Rétablir la vérité dans le débat politique : Non, l’État n’est pas tout

Face à la montée du patriotisme identitaire dans le débat politique actuel, quelques vérités doivent être rappelées pour faire cesser les mensonges intellectuelles de certains hommes politiques qui prennent les citoyens en otage en profitant de leur ignorance. "L'ampleur de l'ignorance est sans aucun doute bien plus important que le degré de la connaissance" - dit l'érudit. Ce n'est pas une bonne raison pour en profiter et inventer des histoires qui n'ont aucun fondement réel.

L’état, tel qu’il est conçu aujourd’hui, n’apparaît qu’au XIXe siècle. Assurer qu’il a toujours existé sous une forme ou une autre n’est qu’une tentative de le légitimer par le mythe.

La polis grecque ou les empires médiévaux ne remplissent pas tous les critères pour être qualifiés d’État : un centre décisionnel disposant à la fois des moyens de coercition et de sujets se reconnaissant dans une communauté, le tout sur un territoire délimité.

Le grand empire gréco-macédonien du deuxième siècle avant notre ère ne régnait pas sur des collectivités liées entre elles par une solidarité mutuelle ou même par la perception d’un destin commun. Ses sujets n’avaient pas l’impression de faire partie de la même entité politique.

La République romaine et ensuite l’empire qui dominèrent le monde antique de la Méditerranée au centre de l’Europe et aux îles britanniques ont été toujours inclusives des populations vaincues : la définition "Civis romanus sum" valait pour tous citoyen assujetti à la "pax romana", mais chaque territoire conservait ses usages, coutumes et mêmes ses dieux. Certain empereurs vinrent même des provinces.

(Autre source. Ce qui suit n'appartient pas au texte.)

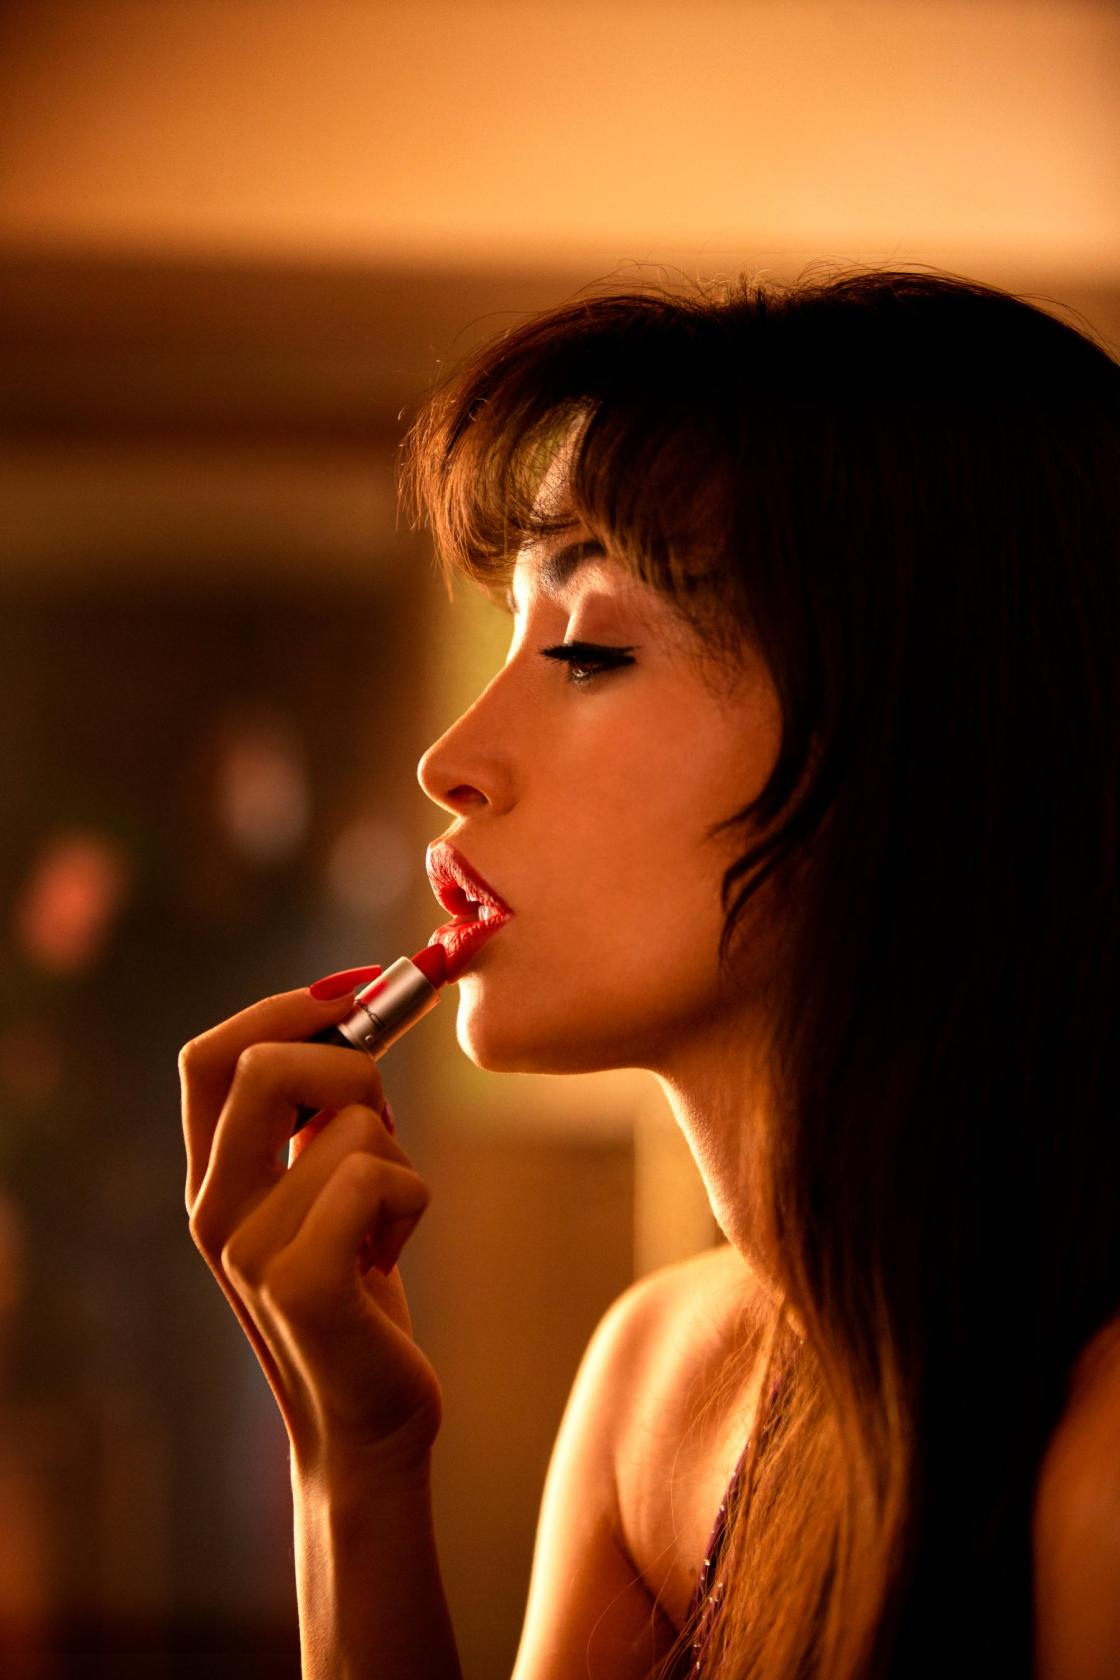 'Selena: The Series' will debut in December

Au Moyen-âge, les normes sont l’apanage de la chrétienté ou du Saint Empire. La force de police, elle s’exerce dans des relations féodales très locales. Le pape et l’empereur pouvaient alors avoir une domination très large, sans gouverner effectivement qui que ce soit. Leurs sujets n’avaient d’ailleurs que peu besoin de gouvernance.

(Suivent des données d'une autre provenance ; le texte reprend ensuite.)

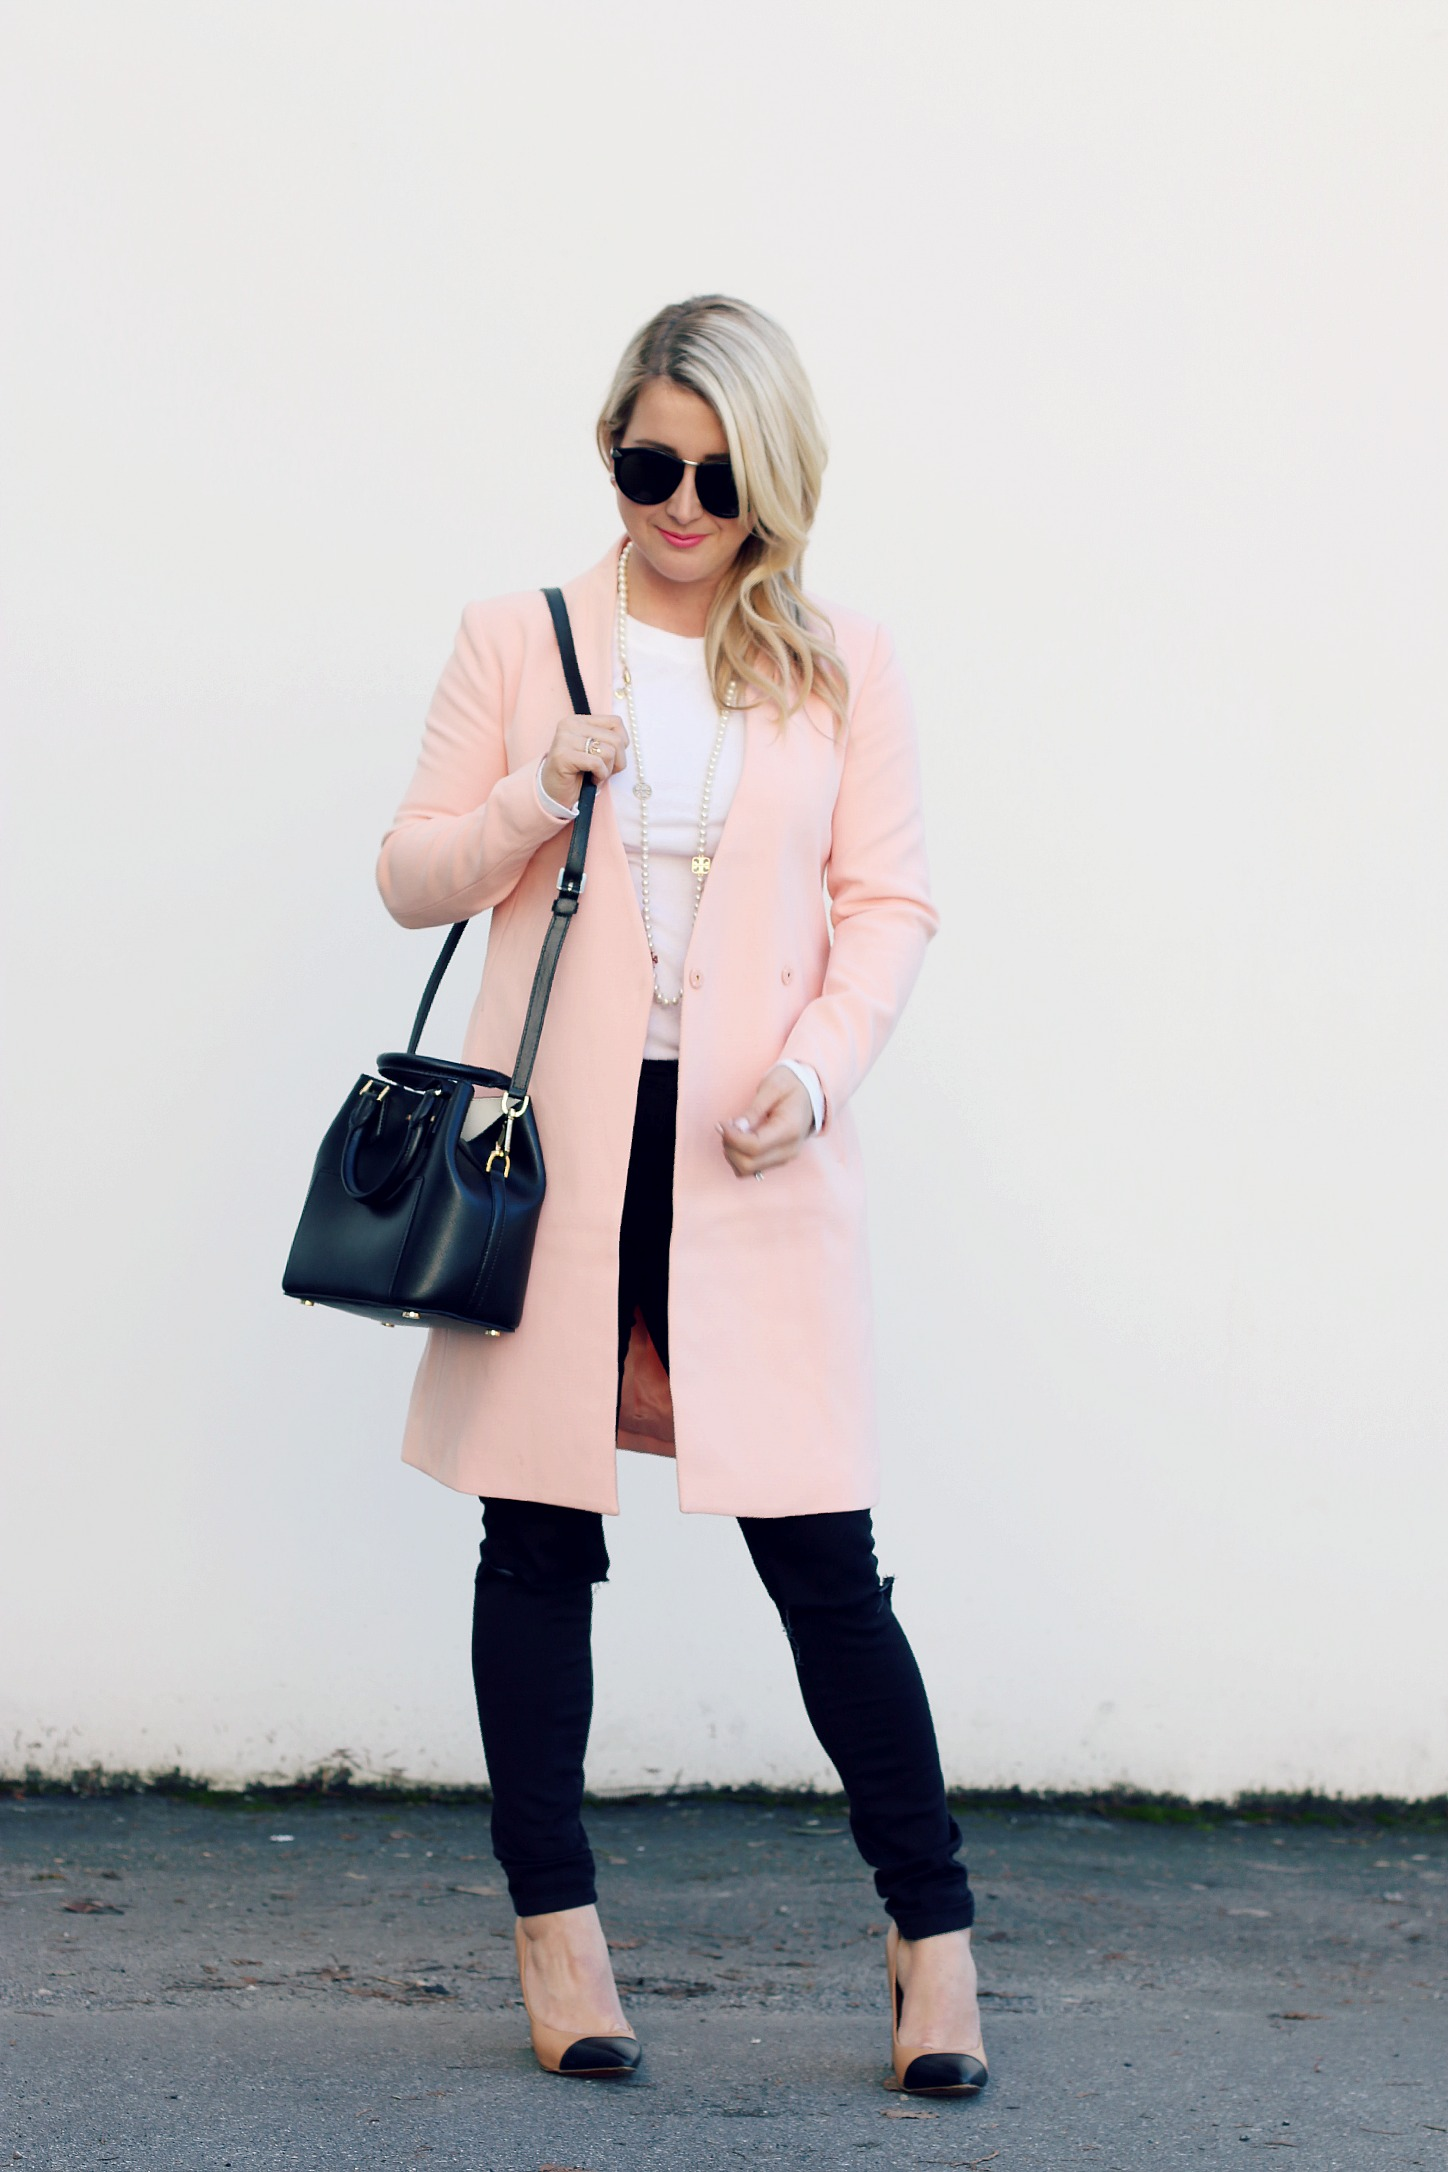 Michael Kors Purse Pink Coat Monika Hibbs

Neuf personne sur dix étaient des paysans qui devaient cultiver la terre ou mourir de faim, et donc s’autogérer. Le gouvernement intervenait pour prendre sa part, assurer une justice minimum et garantir la paix.

Pendant des siècles, le rôle principal des régnants a été de se battre pour conserver ces territoires ou en acquérir d’autres.

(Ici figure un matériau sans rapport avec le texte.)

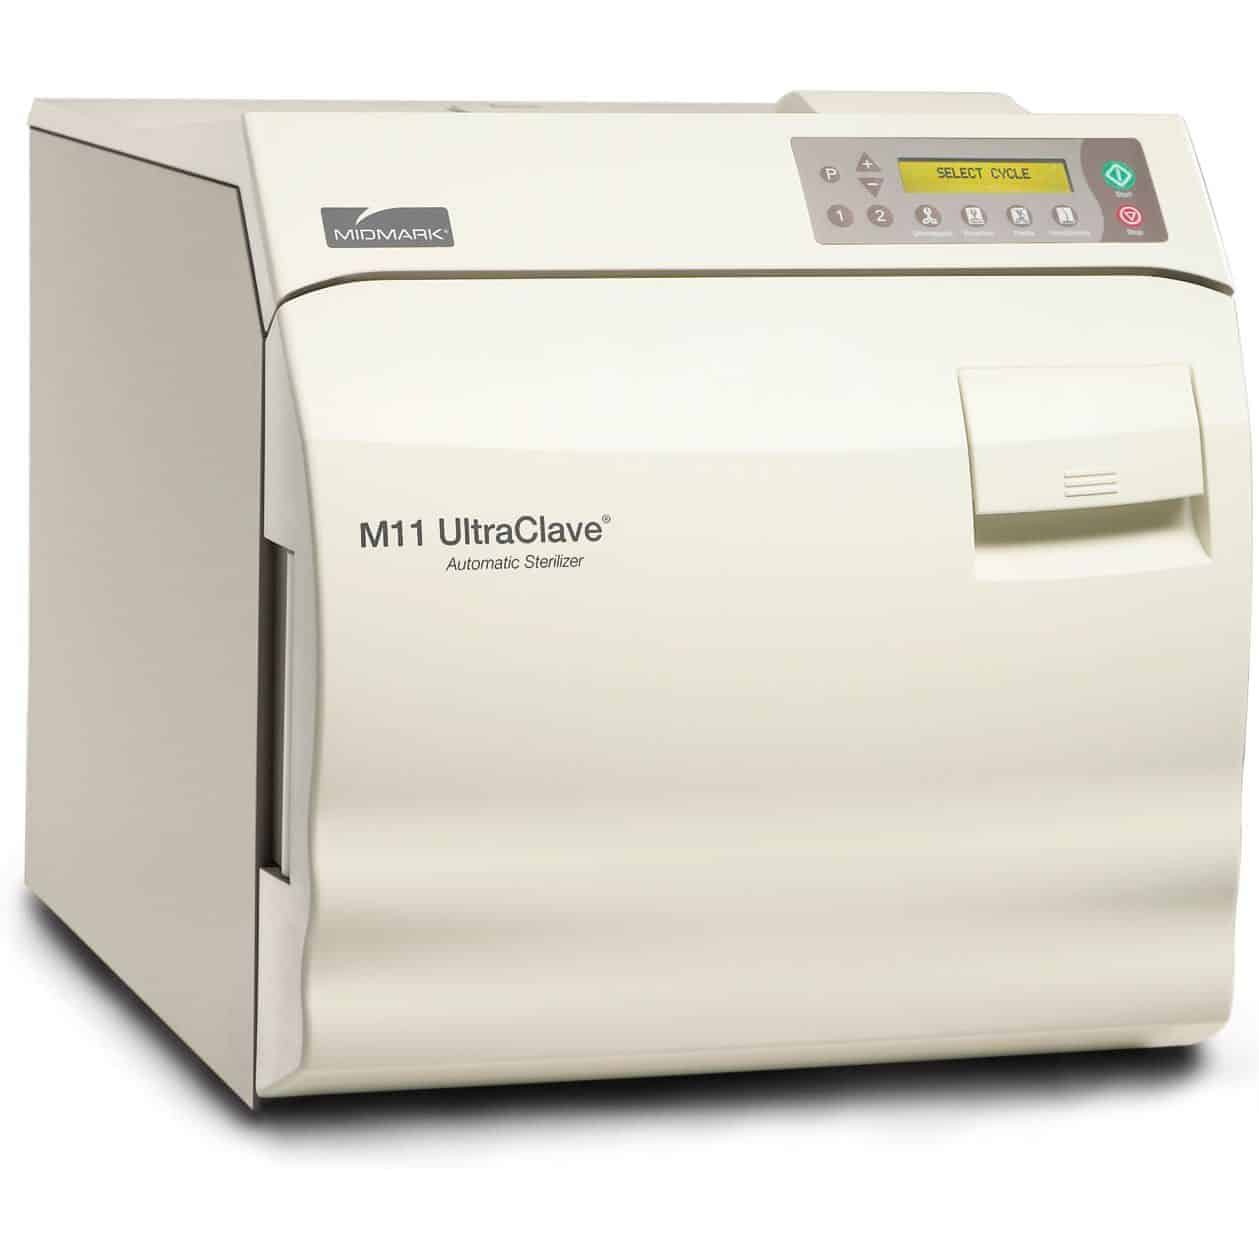 Midmark M11 UltraClave Autoclave Sterilizer

Louis XIV avait ainsi un demi million de soldats engagés dans toute l’Europe, mais seulement 2.000 militaires pour maintenir l’ordre dans son propre royaume.

Tous ses appels à la Patrie et au patriotisme sont le fruit , mieux le ver d’une propagande sans liens historiques, propagé aux sels fin électoraux et ne sont que la nasse pour les esprits simples, des attrapes nigauds.